The executor handles the actual saving:

```python
# In PipelineExecutor._execute_steps
for output_data, name, ext in step_result.outputs:
    self.saver.save_output(name=name, data=output_data, extension=ext)

for name, artifact in step_result.artifacts.items():
    self.saver.persist_artifact(step_number, name, artifact)
```

## FAQ

**Q: Why not store charts as artifacts?**
A: Charts are outputs meant for human viewing, not pipeline replay. They don't need deduplication or content-addressing.

**Q: Where did my charts go after the refactoring?**
A: Check `workspace/exports/<dataset>_<pipeline>/`.

**Q: Can I disable chart saving?**
A: Yes! Set `save_artifacts=False, save_charts=False` when creating `PipelineRunner`.

**Q: What if two pipelines generate the same chart?**
A: Each pipeline gets its own outputs directory, so charts won't conflict.
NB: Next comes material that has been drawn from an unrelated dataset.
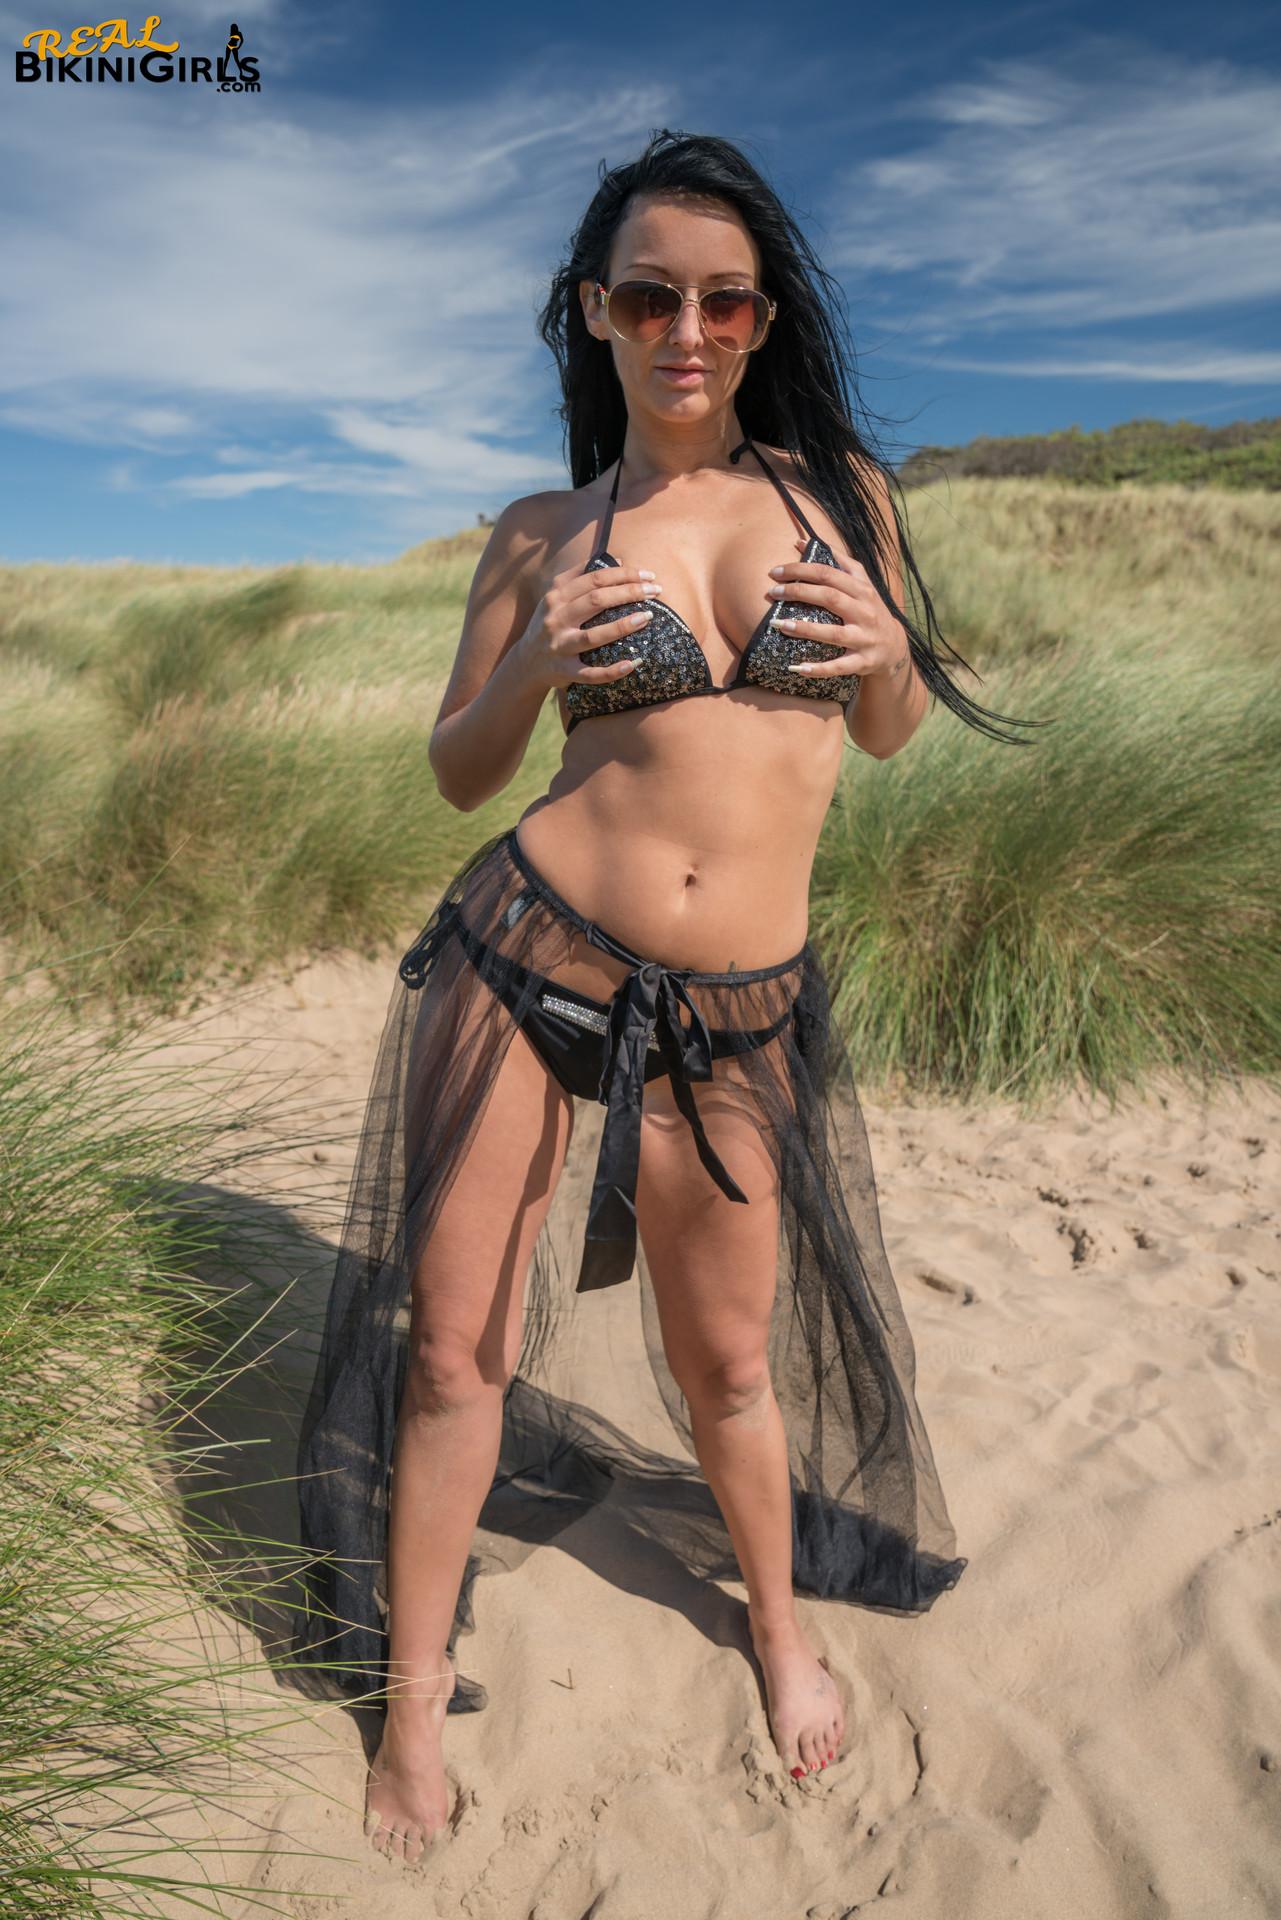 Sparkling In The Sun - Real Bikini Girls

**Q: Can I extract artifacts to readable locations?**
A: Models are binary -- not human-readable. Use `WorkspaceStore.replay_chain()` or export to `.n4a` bundle to load them.

## Summary

| Feature | Artifacts | Outputs |
|---------|-----------|---------|
| **Purpose** | Internal binary objects | Human-readable files |
| **Location** | `artifacts/<hash[:2]>/` | `exports/<dataset>_<pipeline>/` |
| **Registry** | DuckDB `artifacts` table | On-disk files |
| **Names** | Hash-based | Human-readable |
| **Deduplication** | Yes (content-addressed) | No |
| **Easy to find** | No (use store queries) | Yes |
| **Respects save flag** | save_artifacts | save_charts |
| **Examples** | Models, transformers | Charts, reports |

This system provides the best of both worlds: efficient storage for internal objects and easy access for human outputs.